PROJECT SUMMARY Adaptive optics (AO) ophthalmoscopy allows non-invasive visualization of microscopic retinal structures by correcting the optical blur that is unique to each eye, potentially enabling improving the understanding and management of eye disease. Lack of standardization, however, has hindered the adoption of this technology in the multi-center studies that are the gold standard for testing novel treatments. The overarching goal of this project is to improve rigor and reproducibility in AO ophthalmoscopy, in order to materialize its potential through three specific aims: Aim 1. To develop, build and distribute calibrated model eyes that allow precise compensation of image distortions and scaling errors caused by the optics of AO ophthalmoscopes. These model eyes will be designed to be reproducible by others and have similar optical properties to those of an average human eye. Aim 2. To develop imaging protocols and algorithms that use whole-eye optical biometry to allow precise compensation of image distortions and scaling errors caused by the unique optics of each eye. Aim 3. To collect an open normative dataset of photoreceptor mosaic images in subjects free of eye disease, and to use it to test two hypotheses. First, that rod photoreceptors are lost to aging at a rate of ~1% per year in the central portion of the retina that is affected in various leading blinding conditions, such as age-related macular degeneration. Second, that rod photoreceptor spacing increases with cell loss, offsetting the decline in density, and thus can be used for detecting early signs of disease. The image scaling and distortion correction methods from Aims 1 & 2 will improve our ability to perform these tests. The deliverables of this project will incorporate feedback and testing by the AO retinal imaging community. At this project’s conclusion, users of AO ophthalmoscopes will receive software and calibrated model eyes for precise image scaling and correction distortion, as well as the most anatomically truthful and accurately scaled photoreceptor normative dataset.
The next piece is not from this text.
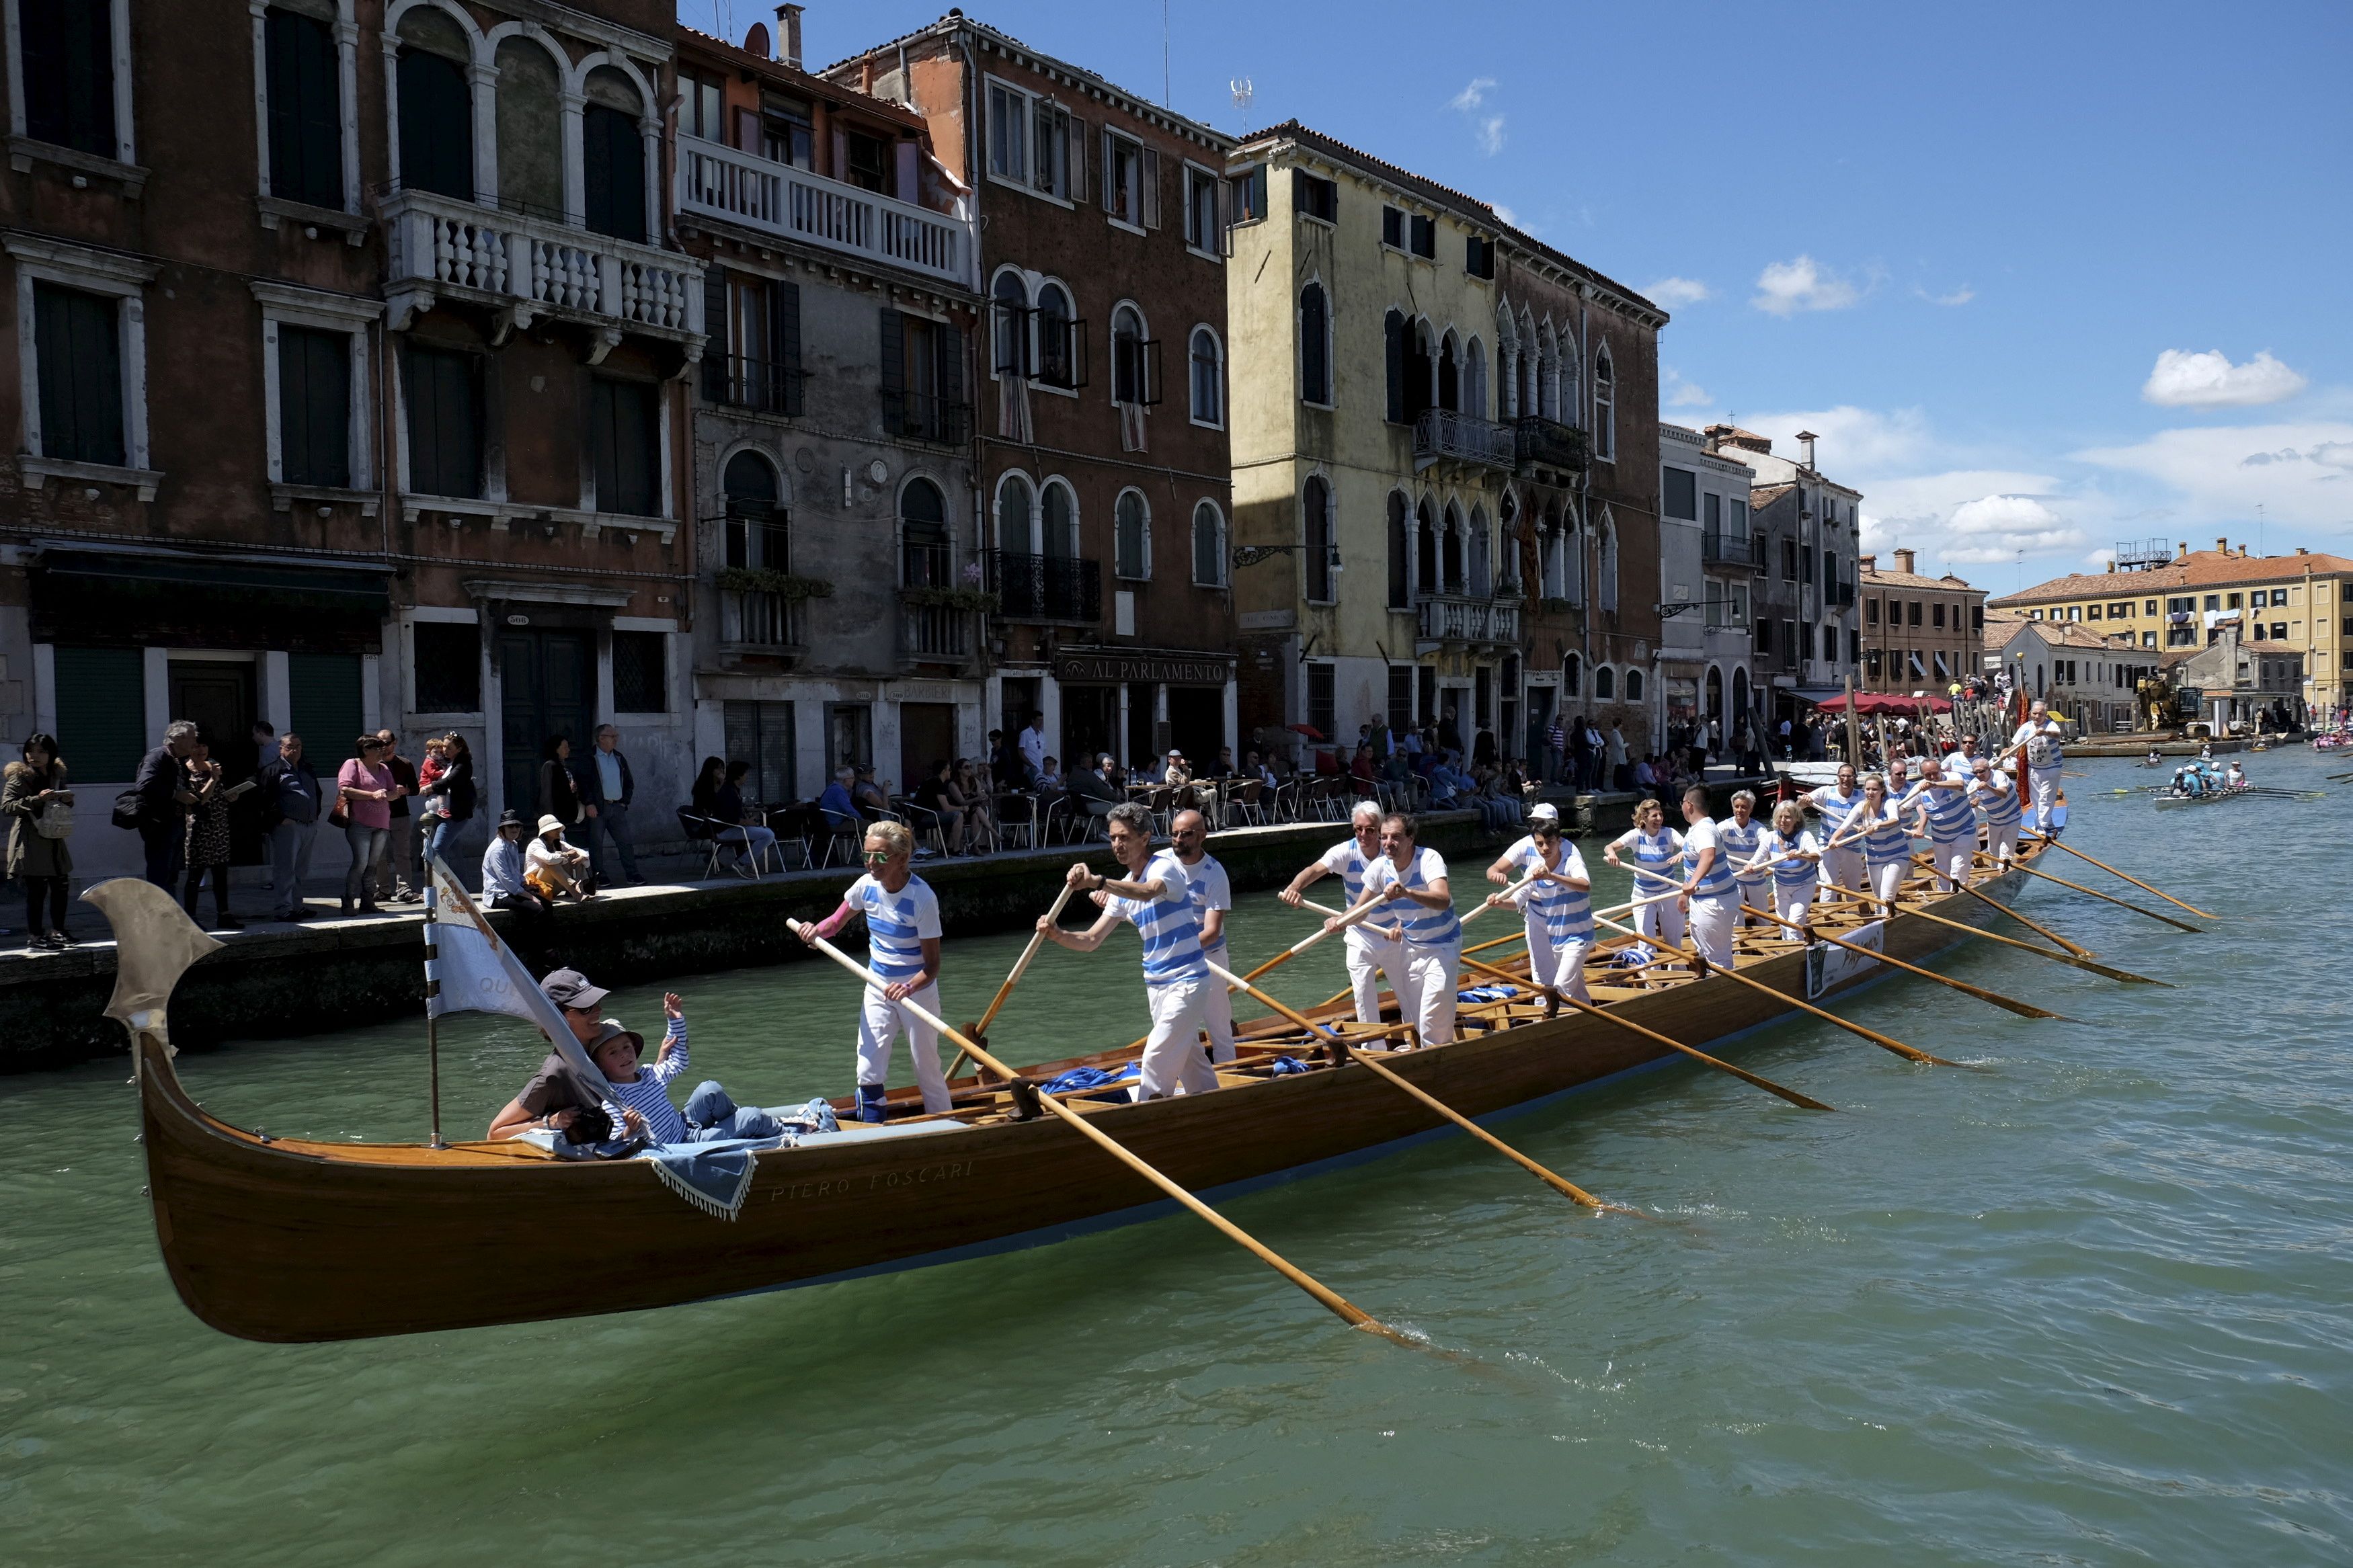 Rowers take part in the Vogalonga, or Long Row, in the Venice lagoon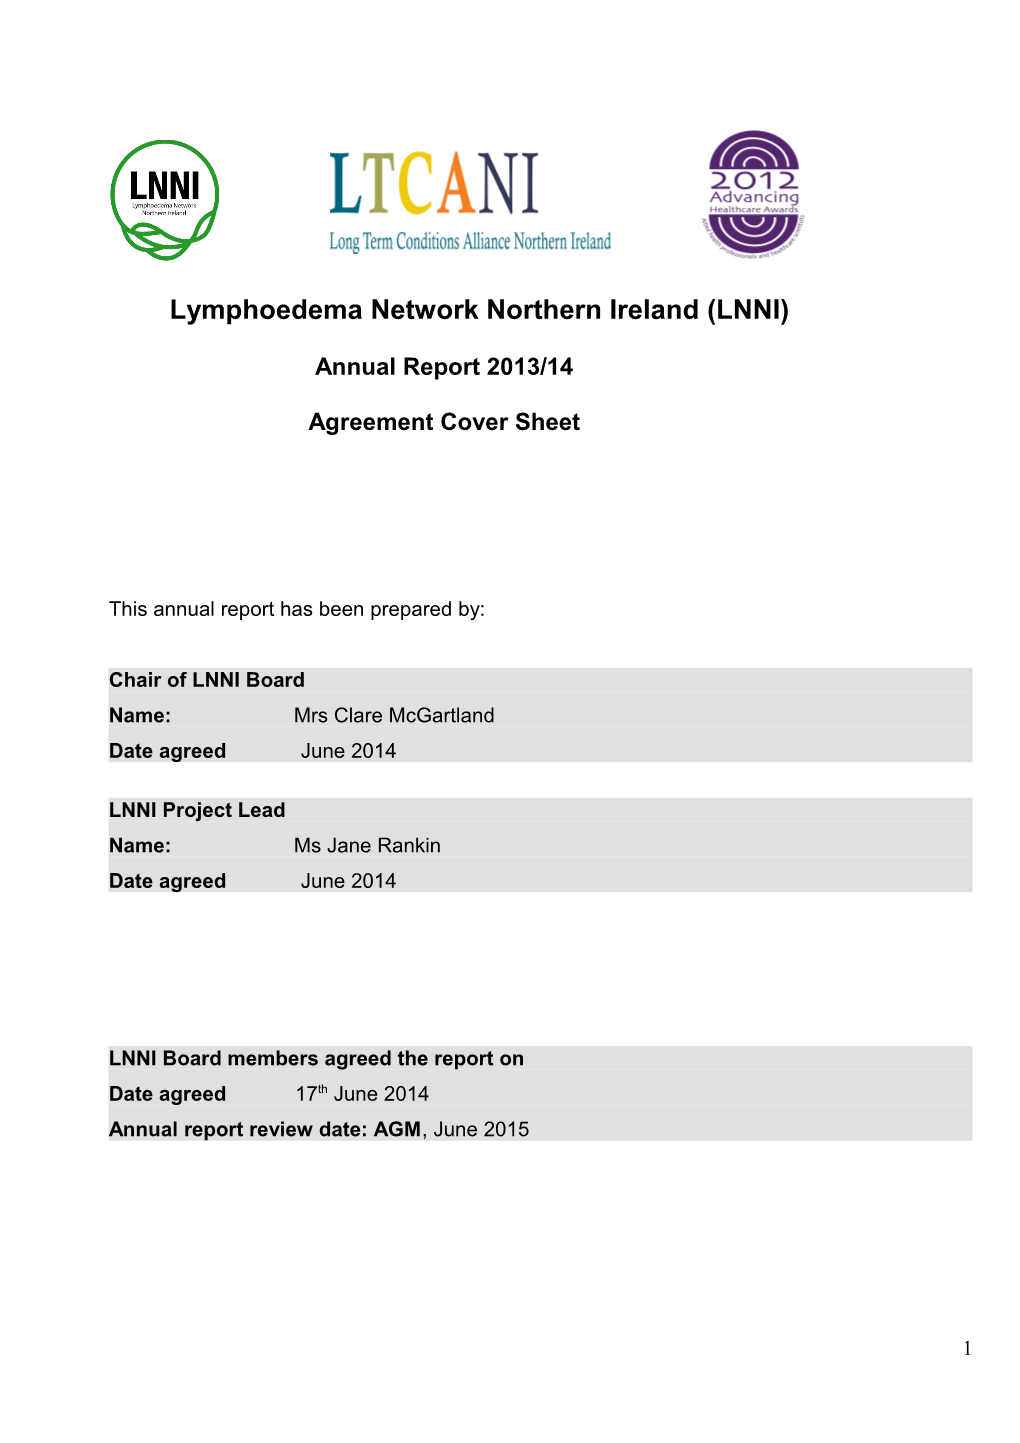 Nican Regional Colorectal Cancer Group Annual Report 2008/09

The proposed practices will facilitate the development of retinal imaging biomarkers that improve early diagnosis and management of eye disease, as well as testing of novel therapies.

项目摘要 自适应光学（AO）检眼镜检查允许通过以下方式对显微视网膜结构进行非侵入性可视化： - 校正每只眼睛所特有的光学模糊，潜在地能够改善理解， 眼科疾病的管理。然而，缺乏标准化阻碍了这项技术的采用， 多中心研究是测试新疗法的黄金标准。这个项目的首要目标是 该项目旨在提高AO检眼镜检查的精确性和可重复性，以便通过以下方式实现其潜力： 三个具体目标： 目标1。开发、构建和分发校准模型眼，以实现图像的精确补偿 由AO检眼镜的光学器件引起的失真和缩放误差。这些眼睛模型将被设计成 可由其他人再现，并具有与普通人眼相似的光学特性。 目标2.开发成像协议和算法，使用全眼光学生物测量， 补偿由每只眼睛的独特光学系统引起的图像失真和缩放误差。 目标3。为了收集无眼病受试者的光感受器镶嵌图像的开放规范数据集， 用它来检验两个假设第一，视杆细胞光感受器以每年约1%的速度老化， 视网膜的中心部分，在各种主要致盲条件下受到影响，如与年龄相关的黄斑 退化第二，视杆细胞间距随着细胞损失而增加，抵消了密度的下降， 因此可用于检测疾病的早期迹象。图像缩放和失真校正方法 目标1和目标2中的测试将提高我们进行这些测试的能力。 该项目的可交付成果将纳入AO视网膜成像社区的反馈和测试。 在该项目结束时，AO检眼镜的用户将收到软件和校准的模型眼， 精确的图像缩放和校正失真，以及最真实的解剖学和准确的缩放 光感受器标准数据集。建议的做法将促进视网膜成像的发展 生物标志物，改善早期诊断和眼科疾病的管理，以及新疗法的测试。